=== Task directions ===
Output each line of the data word for word, from the first through the line that holds "The Alpaca Every", and leave off whatever follows.
====== Exercise inputs
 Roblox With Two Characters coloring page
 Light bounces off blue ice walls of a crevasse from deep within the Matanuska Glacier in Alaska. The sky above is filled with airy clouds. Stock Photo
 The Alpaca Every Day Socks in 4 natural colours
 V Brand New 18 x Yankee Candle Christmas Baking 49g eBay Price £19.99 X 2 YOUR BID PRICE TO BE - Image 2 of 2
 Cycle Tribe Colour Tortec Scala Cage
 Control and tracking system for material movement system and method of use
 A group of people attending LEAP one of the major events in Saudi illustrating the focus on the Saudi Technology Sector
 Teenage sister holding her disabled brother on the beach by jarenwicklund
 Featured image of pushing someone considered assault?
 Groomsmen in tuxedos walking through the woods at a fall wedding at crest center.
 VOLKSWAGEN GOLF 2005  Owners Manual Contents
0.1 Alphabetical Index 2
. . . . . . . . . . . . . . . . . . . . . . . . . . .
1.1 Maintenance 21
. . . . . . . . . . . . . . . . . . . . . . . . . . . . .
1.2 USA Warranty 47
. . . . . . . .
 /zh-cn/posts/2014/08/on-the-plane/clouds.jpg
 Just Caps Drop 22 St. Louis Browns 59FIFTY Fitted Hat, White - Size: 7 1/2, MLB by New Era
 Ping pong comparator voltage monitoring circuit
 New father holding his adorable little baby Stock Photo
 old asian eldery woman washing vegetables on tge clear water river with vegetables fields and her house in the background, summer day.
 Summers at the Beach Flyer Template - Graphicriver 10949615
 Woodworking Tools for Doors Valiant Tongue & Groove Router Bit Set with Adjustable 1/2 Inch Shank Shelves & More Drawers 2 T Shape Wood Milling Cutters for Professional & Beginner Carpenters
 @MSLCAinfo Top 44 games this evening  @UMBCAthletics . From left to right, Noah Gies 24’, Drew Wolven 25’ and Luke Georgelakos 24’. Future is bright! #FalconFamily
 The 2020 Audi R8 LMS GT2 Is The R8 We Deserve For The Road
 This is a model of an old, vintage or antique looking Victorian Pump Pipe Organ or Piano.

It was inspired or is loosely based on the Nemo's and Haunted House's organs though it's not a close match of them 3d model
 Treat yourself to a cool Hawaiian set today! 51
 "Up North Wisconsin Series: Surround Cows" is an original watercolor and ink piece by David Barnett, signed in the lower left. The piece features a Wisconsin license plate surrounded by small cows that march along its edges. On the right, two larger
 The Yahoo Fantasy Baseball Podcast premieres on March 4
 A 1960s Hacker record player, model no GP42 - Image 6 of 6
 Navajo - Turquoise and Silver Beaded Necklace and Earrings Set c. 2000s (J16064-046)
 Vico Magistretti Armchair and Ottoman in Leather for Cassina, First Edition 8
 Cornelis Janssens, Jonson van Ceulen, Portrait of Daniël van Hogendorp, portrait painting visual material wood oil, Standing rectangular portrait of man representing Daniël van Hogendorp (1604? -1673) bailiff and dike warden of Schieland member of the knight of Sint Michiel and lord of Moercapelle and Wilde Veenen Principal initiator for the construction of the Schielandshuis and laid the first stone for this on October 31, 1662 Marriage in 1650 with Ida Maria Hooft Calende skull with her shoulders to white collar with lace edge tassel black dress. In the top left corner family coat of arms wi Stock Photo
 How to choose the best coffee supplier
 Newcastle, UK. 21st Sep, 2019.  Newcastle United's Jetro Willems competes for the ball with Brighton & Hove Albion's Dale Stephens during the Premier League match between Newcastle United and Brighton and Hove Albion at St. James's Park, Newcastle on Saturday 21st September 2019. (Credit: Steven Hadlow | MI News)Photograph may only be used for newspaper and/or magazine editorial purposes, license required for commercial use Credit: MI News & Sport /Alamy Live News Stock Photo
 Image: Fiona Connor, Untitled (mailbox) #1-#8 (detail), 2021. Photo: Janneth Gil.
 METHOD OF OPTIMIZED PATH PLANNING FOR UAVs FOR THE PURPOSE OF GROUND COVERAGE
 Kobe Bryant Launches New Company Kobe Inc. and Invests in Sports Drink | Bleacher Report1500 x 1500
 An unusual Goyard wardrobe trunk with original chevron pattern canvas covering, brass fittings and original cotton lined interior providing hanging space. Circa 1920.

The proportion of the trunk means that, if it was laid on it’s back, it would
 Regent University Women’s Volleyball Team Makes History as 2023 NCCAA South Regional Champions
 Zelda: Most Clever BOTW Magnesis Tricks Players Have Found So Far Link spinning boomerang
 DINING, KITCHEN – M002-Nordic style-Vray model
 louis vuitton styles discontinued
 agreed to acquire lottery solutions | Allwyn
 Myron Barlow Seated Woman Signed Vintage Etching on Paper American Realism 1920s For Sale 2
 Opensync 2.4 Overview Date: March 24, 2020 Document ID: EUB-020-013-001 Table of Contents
============
=== Result for this task ===
 Roblox With Two Characters coloring page
 Light bounces off blue ice walls of a crevasse from deep within the Matanuska Glacier in Alaska. The sky above is filled with airy clouds. Stock Photo
 The Alpaca Every Day Socks in 4 natural colours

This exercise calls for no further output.